High correlation between 2 features, eg $$x_1$$ and $$x_2$$ means that there is a linear relation between the two features (ie one is a linear transformation of the other), $$x_2 = c_0 + s \cdot x_1 + \epsilon$$.

That means any linear transformation of one or both features (eg multiplying by random factors), simply leaves the linear relation intact.

$$x_{21}$$ = $$a \cdot x_2$$, $$x_{11} = b \cdot x_1$$

Then

$$x_{21} = a \cdot c_0 + a \cdot s/b \cdot x_{11} + \epsilon'$$

Thus again there is linear relation thus high correlation.

Only non-linear transforms can alter the linear relation, but these can affect negatively the outcome.

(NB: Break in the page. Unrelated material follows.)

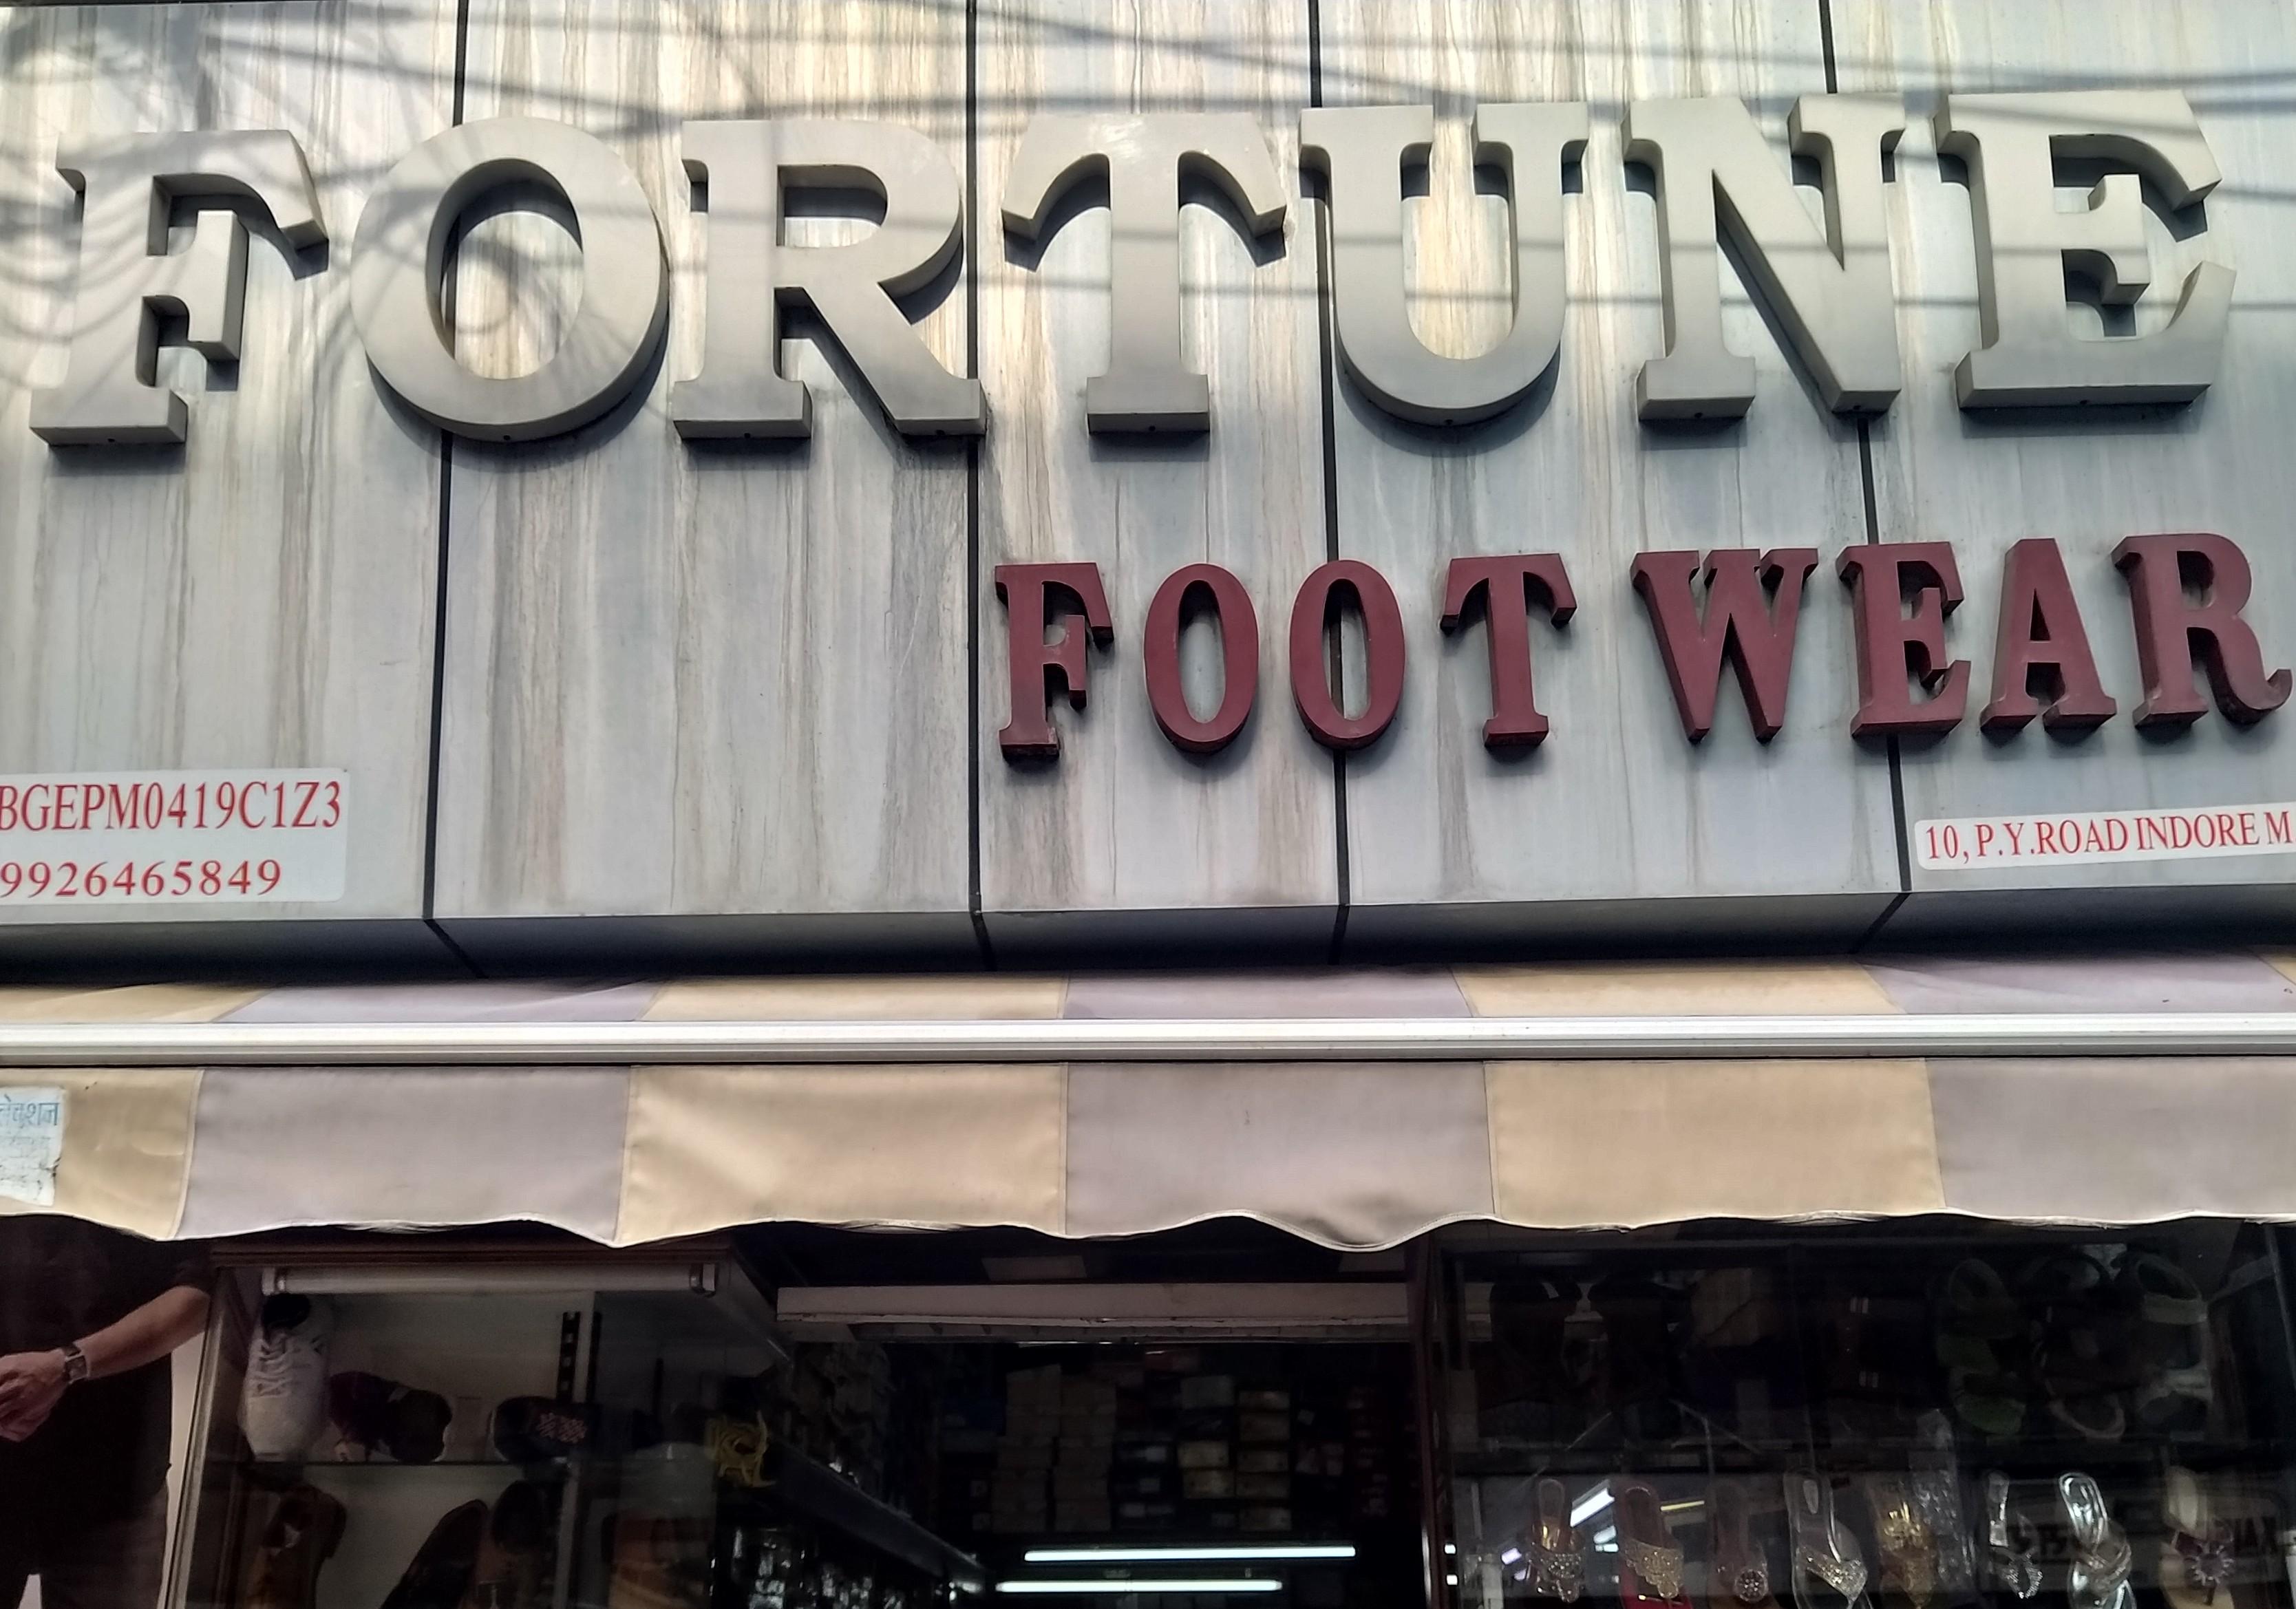 Fortune foot wear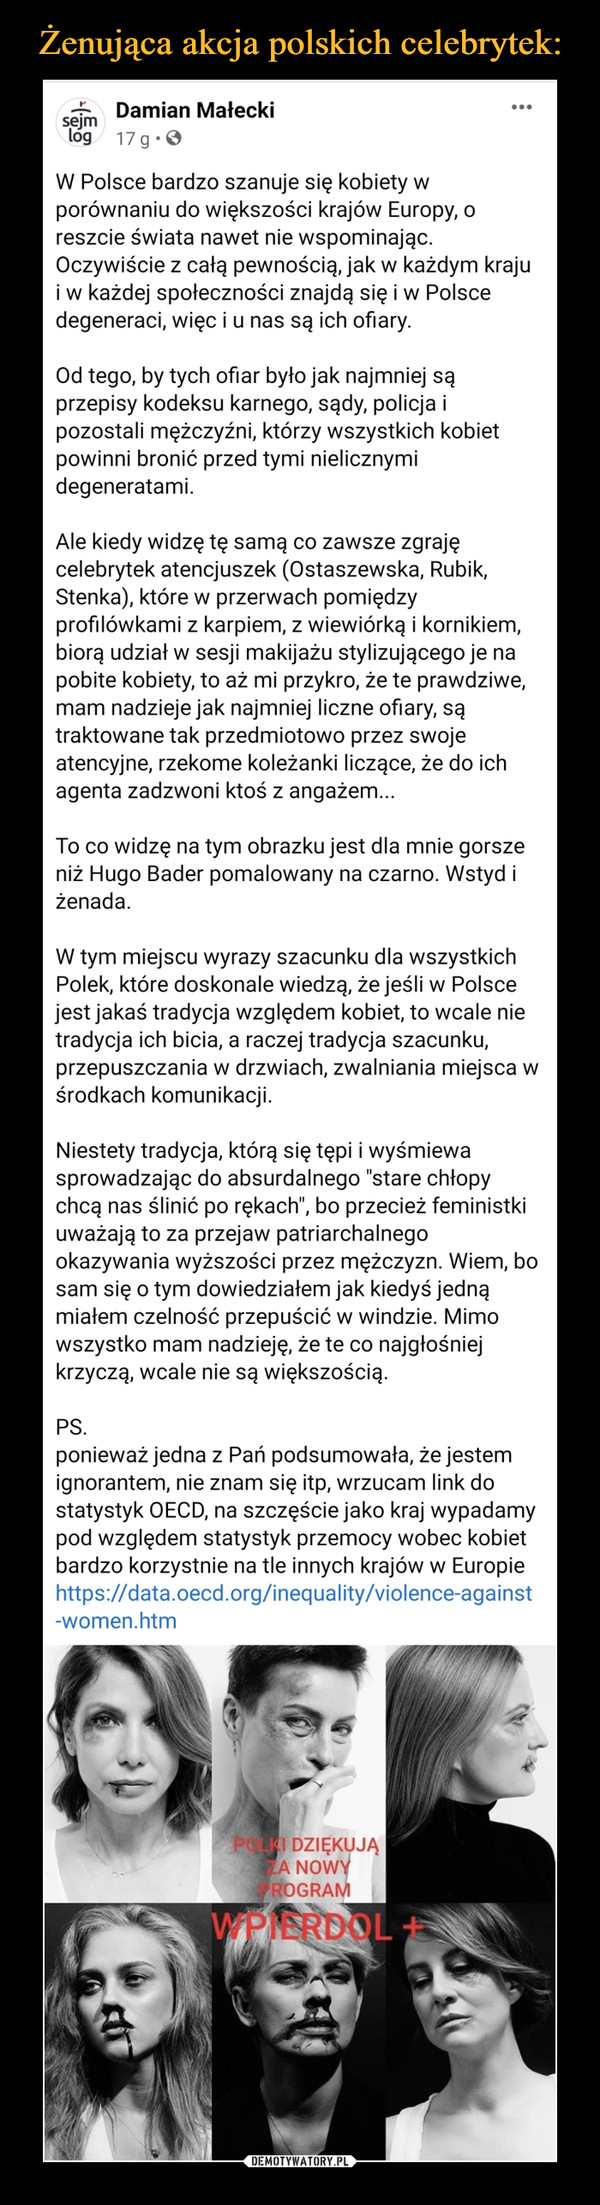 """–  Damian Małecki· 17 godz. ·  W Polsce bardzo szanuje się kobiety w porównaniu do większości krajów Europy, o reszcie świata nawet nie wspominając. Oczywiście z całą pewnością, jak w każdym kraju i w każdej społeczności znajdą się i w Polsce degeneraci, więc i u nas są ich ofiary.Od tego, by tych ofiar było jak najmniej są przepisy kodeksu karnego, sądy, policja i pozostali mężczyźni, którzy wszystkich kobiet powinni bronić przed tymi nielicznymi degeneratami.Ale kiedy widzę tę samą co zawsze zgraję celebrytek atencjuszek (Ostaszewska, Rubik, Stenka), które w przerwach pomiędzy profilówkami z karpiem, z wiewiórką i kornikiem, biorą udział w sesji makijażu stylizującego je na pobite kobiety, to aż mi przykro, że te prawdziwe, mam nadzieje jak najmniej liczne ofiary, są traktowane tak przedmiotowo przez swoje atencyjne, rzekome koleżanki liczące, że do ich agenta zadzwoni ktoś z angażem...To co widzę na tym obrazku jest dla mnie gorsze niż Hugo Bader pomalowany na czarno. Wstyd i żenada.W tym miejscu wyrazy szacunku dla wszystkich Polek, które doskonale wiedzą, że jeśli w Polsce jest jakaś tradycja względem kobiet, to wcale nie tradycja ich bicia, a raczej tradycja szacunku, przepuszczania w drzwiach, zwalniania miejsca w środkach komunikacji.Niestety tradycja, którą się tępi i wyśmiewa sprowadzając do absurdalnego """"stare chłopy chcą nas ślinić po rękach"""", bo przecież feministki uważają to za przejaw patriarchalnego okazywania wyższości przez mężczyzn. Wiem, bo sam się o tym dowiedziałem jak kiedyś jedną miałem czelność przepuścić w windzie. Mimo wszystko mam nadzieję, że te co najgłośniej krzyczą, wcale nie są większością.PS.ponieważ jedna z Pań podsumowała, że jestem ignorantem, nie znam się itp, wrzucam link do statystyk OECD, na szczęście jako kraj wypadamy pod względem statystyk przemocy wobec kobiet bardzo korzystnie na tle innych krajów w Europiehttps://data.oecd.org/inequality/violence-against-women.htm"""

Once a very strong correlation exists between 2 features then one of them is simply discarded, and only one remains, as it does not offer any new information by itself.

can we remove this correlation by multiplying or dividing the values of one of the variables with random factors (E.g., multiplying the first value with 2, the second value with 3, etc.)

No you can not decorrelate 2 variables by multiplying or dividing them by a random factors, you can use one of the following methods instead if you want to keep the 2 variables:

• Divide a and b: new_a = a / b
• Powering up a: new_a = a^2, a^3, ...
• PCA
• ...

You can use PCA to transform your N correlated features to N uncorrelated features.

You can then check for correlation between your N uncorrelated features against your target and choose to drop the ones with very low correlation.